» **Data section**:
● ● ● ● ● ● ●

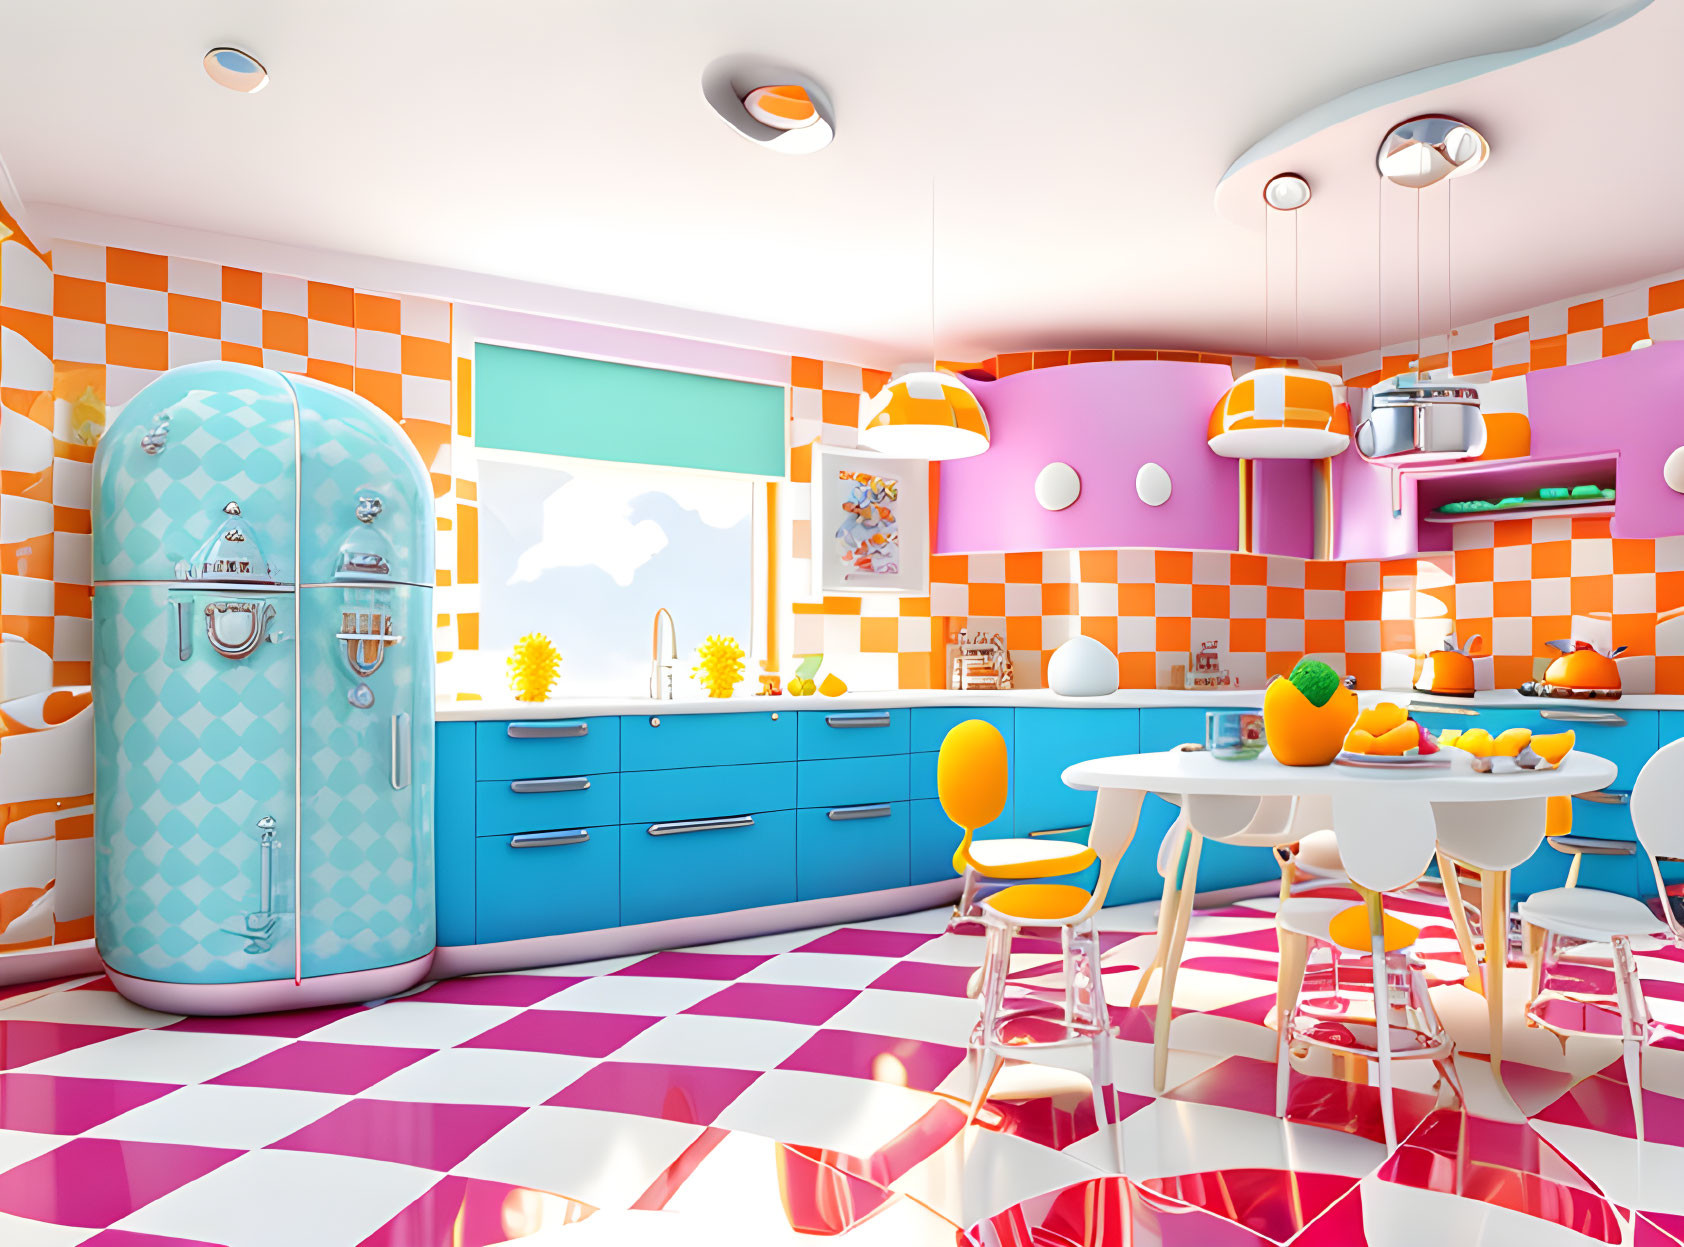 Vibrant retro kitchen with checkerboard floor and turquoise cabinets
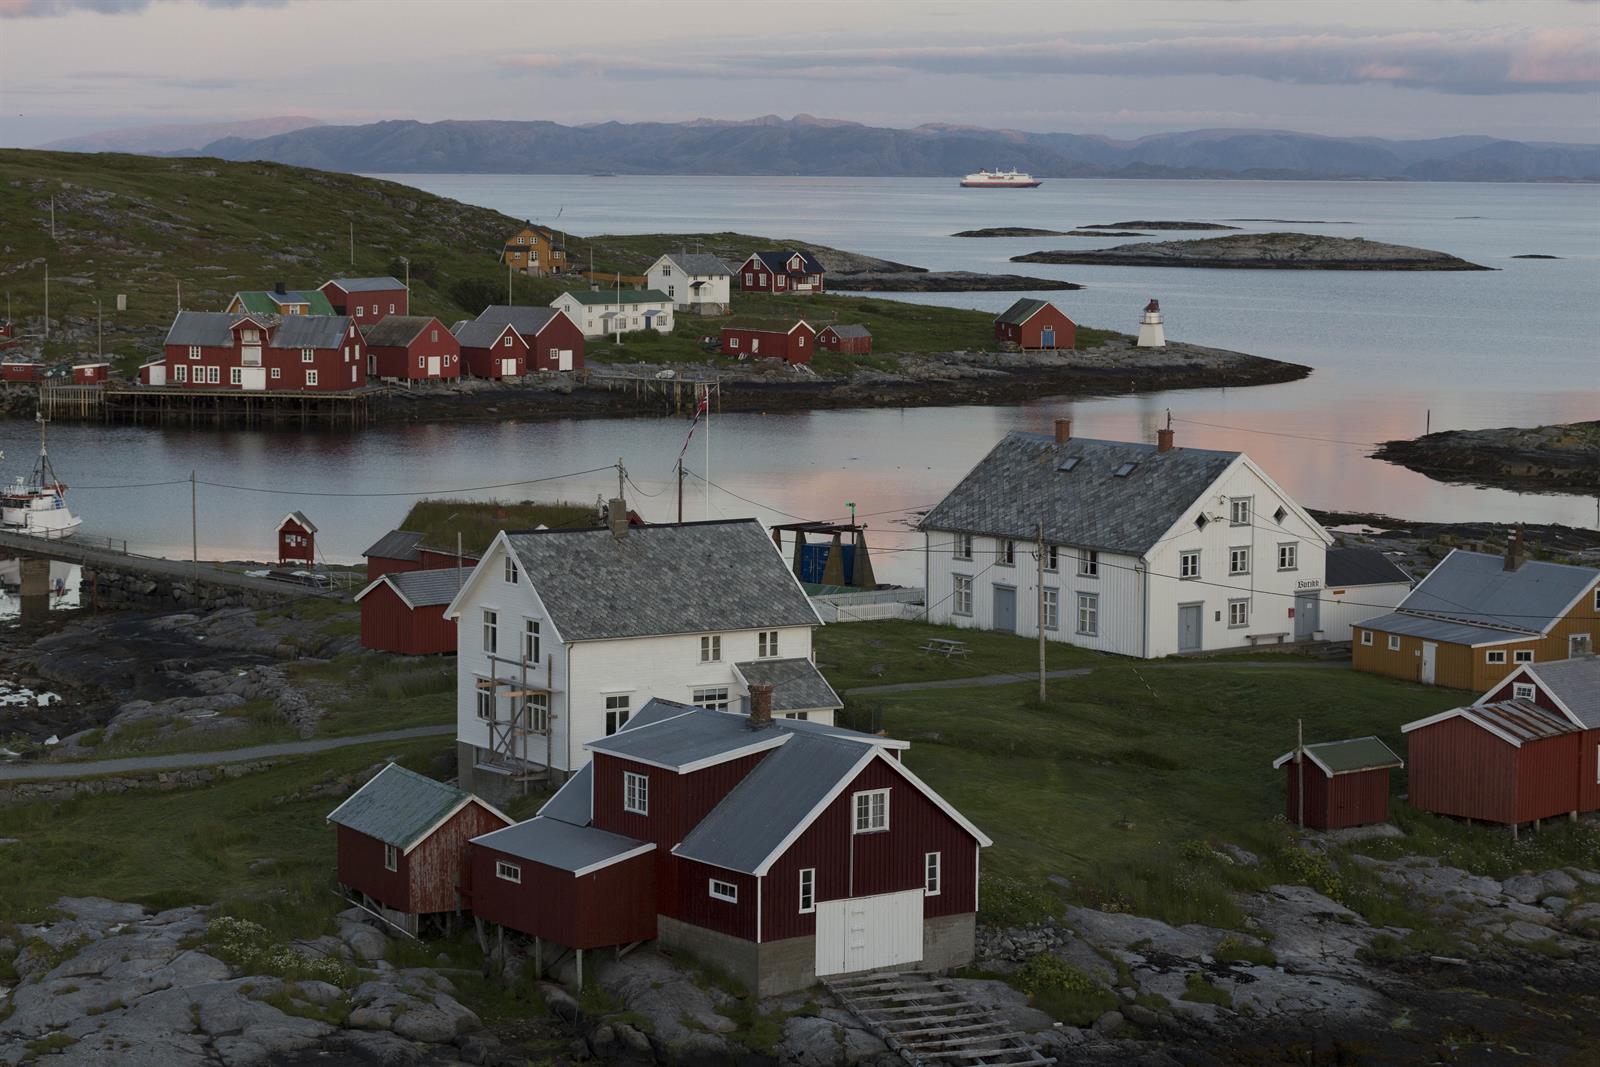 Stay overnight in a traditional fisherman's house/ rorbu in Sør-Gjæslingan fishing village
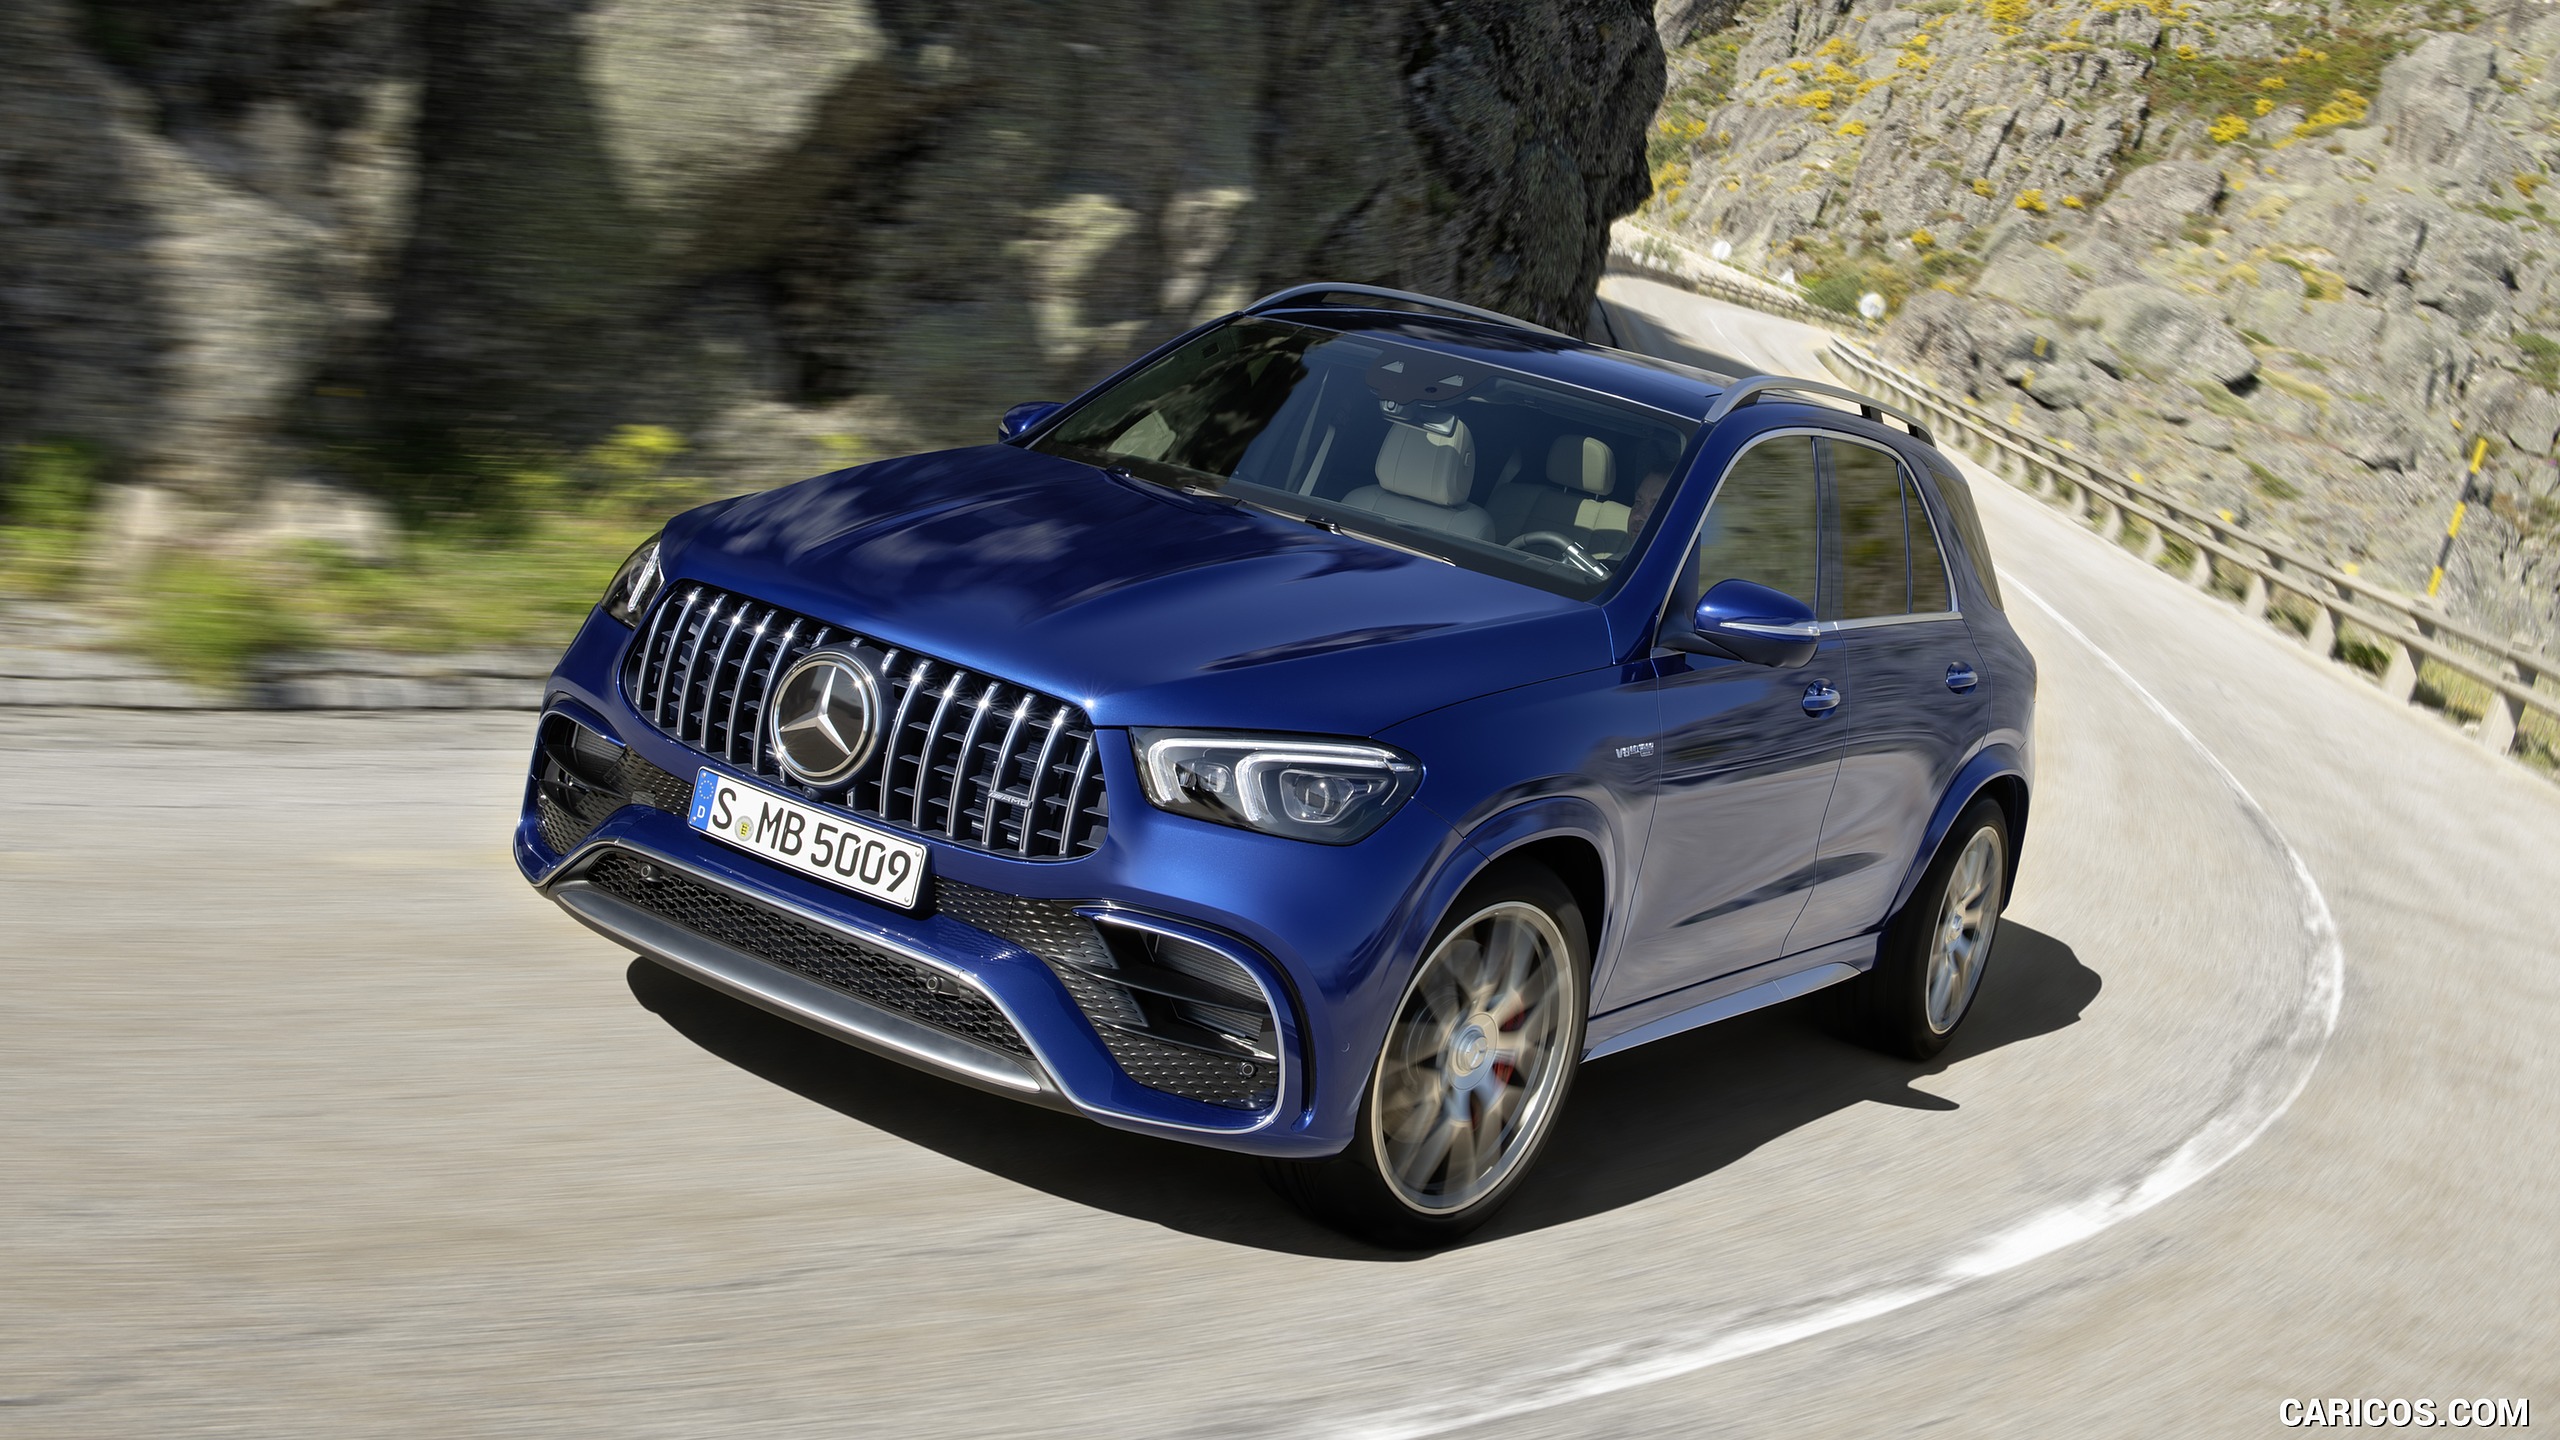 2021 Mercedes-AMG GLE 63 S 4MATIC - Front Three-Quarter, #5 of 187

● ● ● ● ● ● ●

» **Task directions**: Repeat the whole listing above word for word. Leave out the pictures.

» **Response box**:
 Vibrant retro kitchen with checkerboard floor and turquoise cabinets
 Stay overnight in a traditional fisherman's house/ rorbu in Sør-Gjæslingan fishing village
 2021 Mercedes-AMG GLE 63 S 4MATIC - Front Three-Quarter, #5 of 187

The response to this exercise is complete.